Damn. Sorry no picture this time around.

Every salsa I’ve made has been fairly simple and uncomplicated; either guacamole or salsa fresca. Both are tasty enough but provide little challenge, and yet they lack any depth or intricacy of flavors.

So when I tried one of Rick Bayless’ recipes from Salsas That Cook, the result was simply amazing, simply by using one simple process.

Roasting.

I started with three plum tomatoes and a fresh poblano pepper under the broiler for about 15 minutes till they were heated through, charred on all sides, then followed up with some garlic and sweet red onions for 15 minutes at 425 degrees.

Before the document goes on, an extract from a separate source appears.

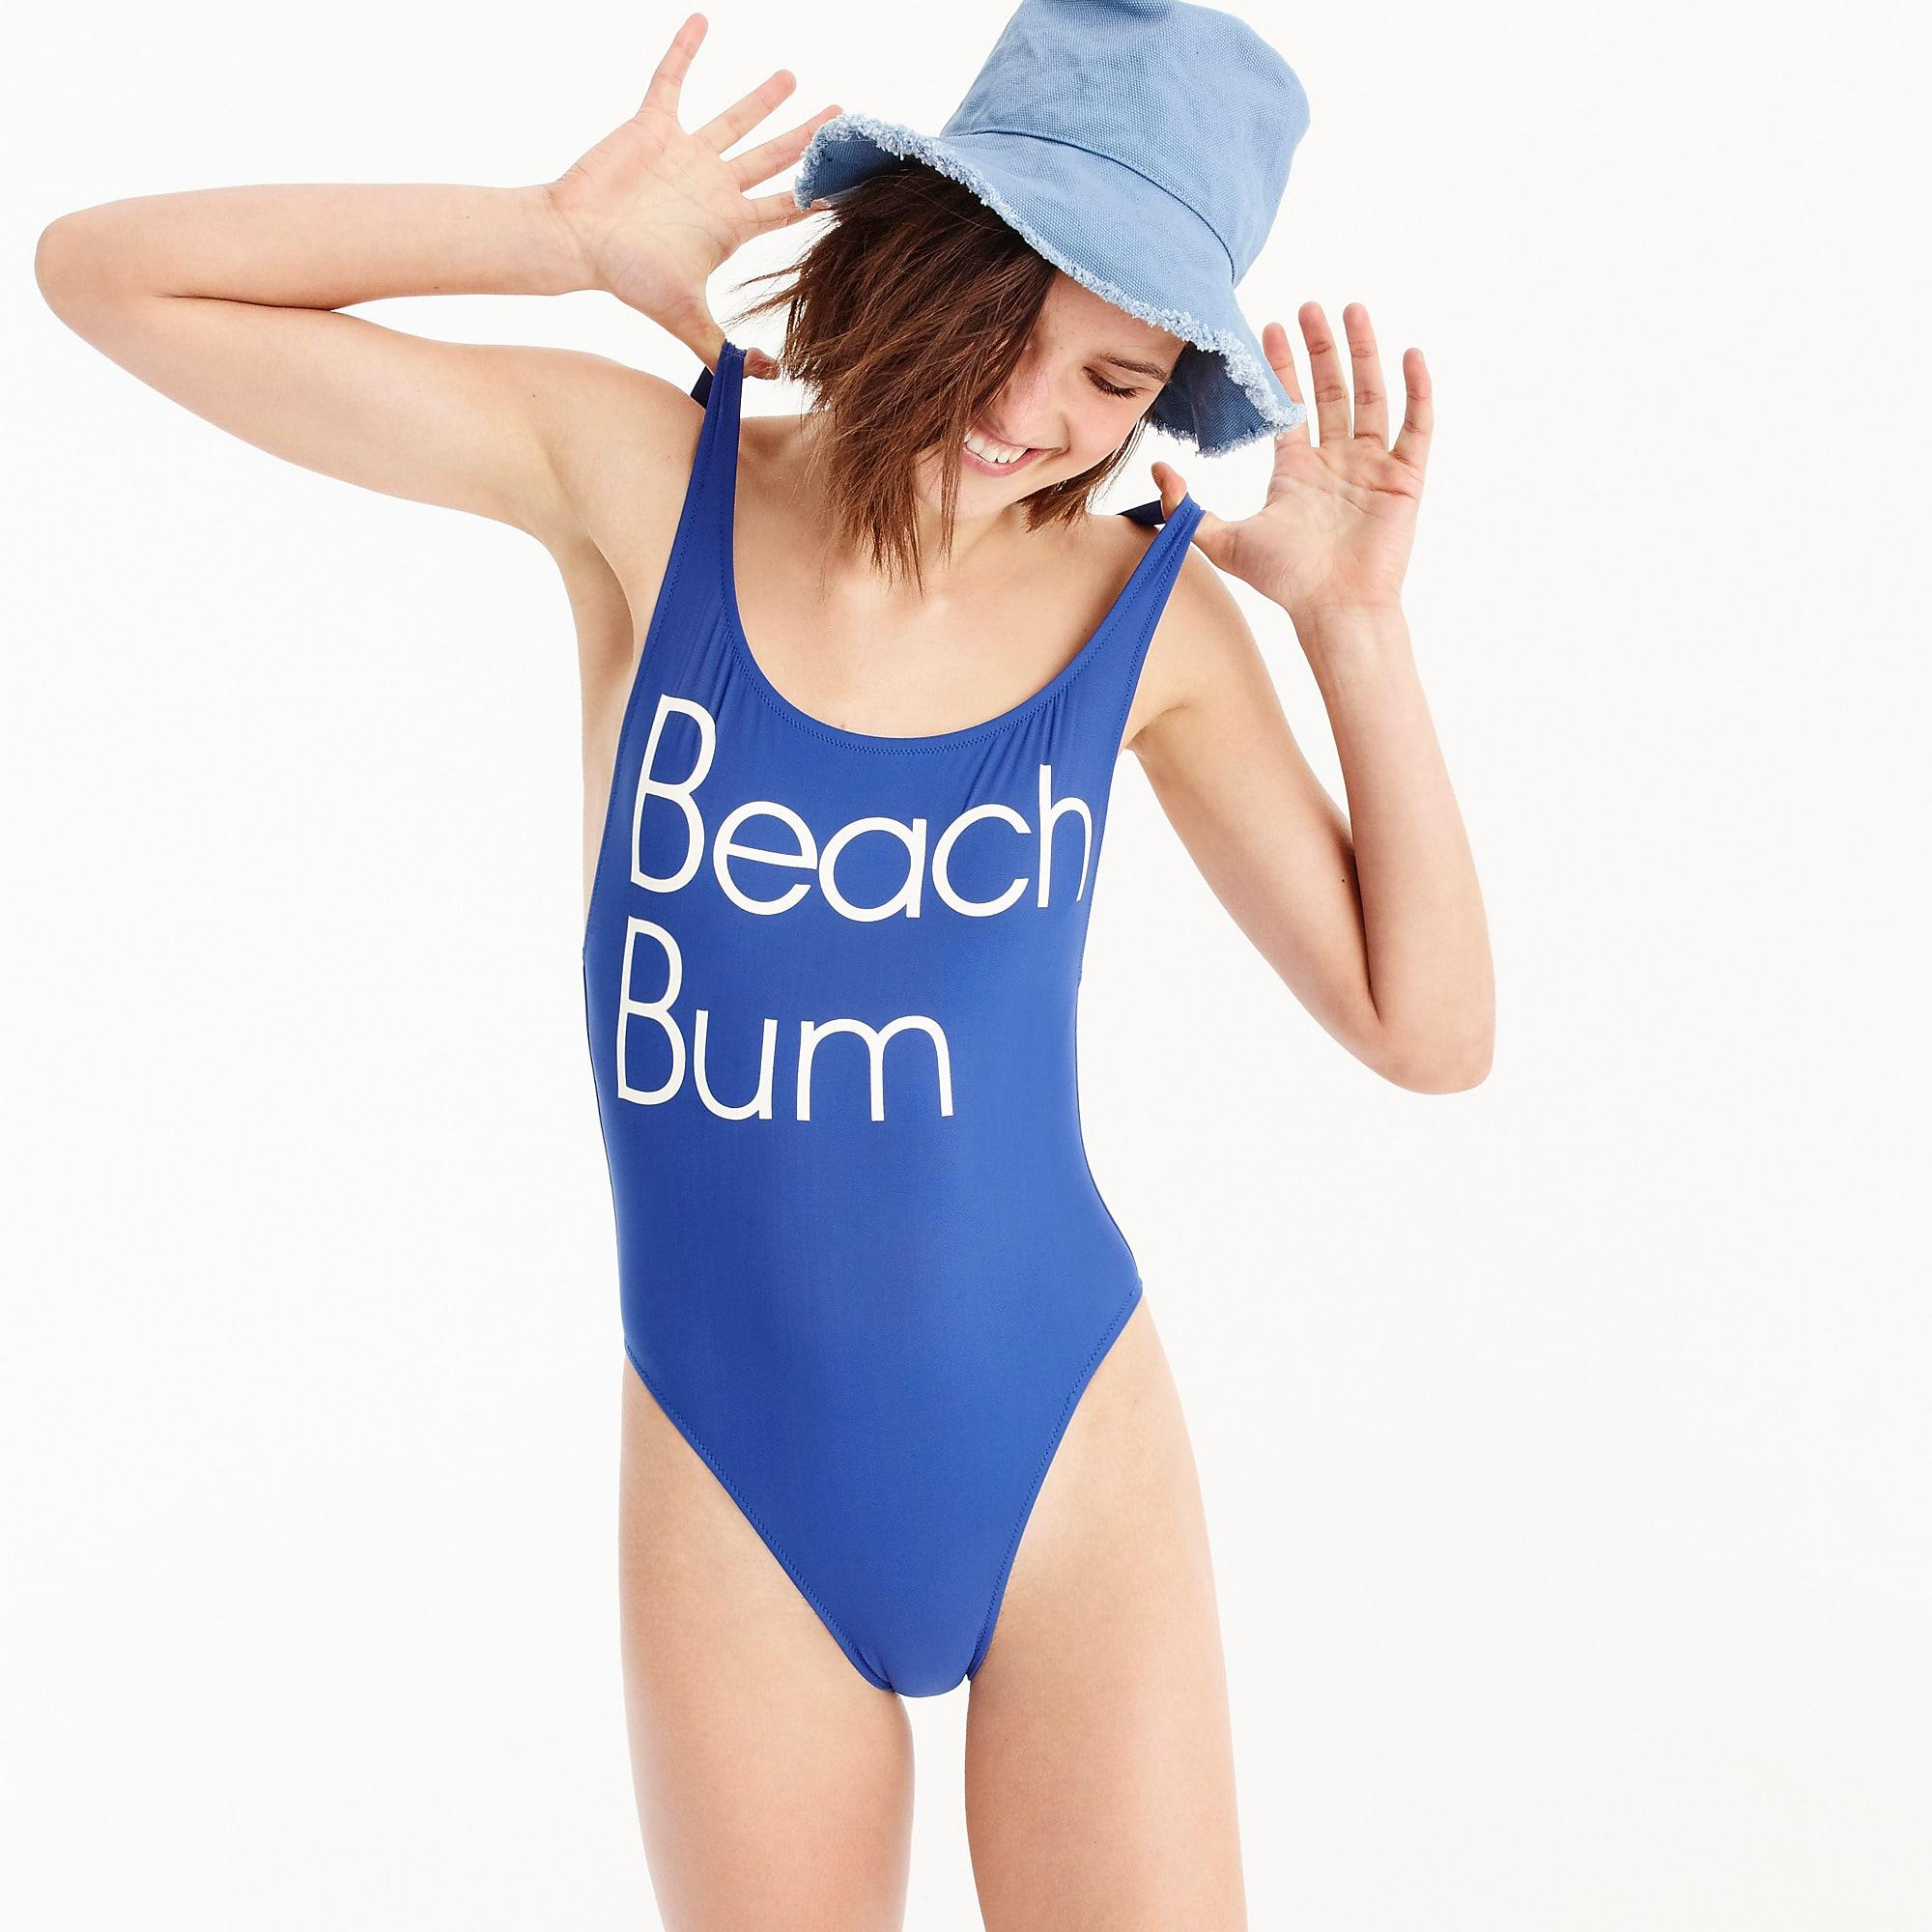 ee7c1b3dcf J.Crew Beach Bum Plunging Scoop Back One-piece Swimsuit in Blue - Lyst

I removed some of the charred skin from the pepper, along with the seeds, then tossed all into the food processor along with some salt, tomato paste, and cilantro. And for added fun, a teaspoon of thyme.

OMG.

Restaurant quality salsa, I kid you not. Totally kickass. Rick had described this as a mild cousin to the roasted tomato with jalapeño salsa on a page somewhat earlier, and fool that I was, I assured my wife that she would soon have a salsa that wouldn’t send her cat’s tongue to the milk bowl.

Boy was I wrong. His use of the word ‘mellow’ didn’t quite sit with wifey when she tasted it.

Alas! Complex, flavorful…one of the best I’ve ever made.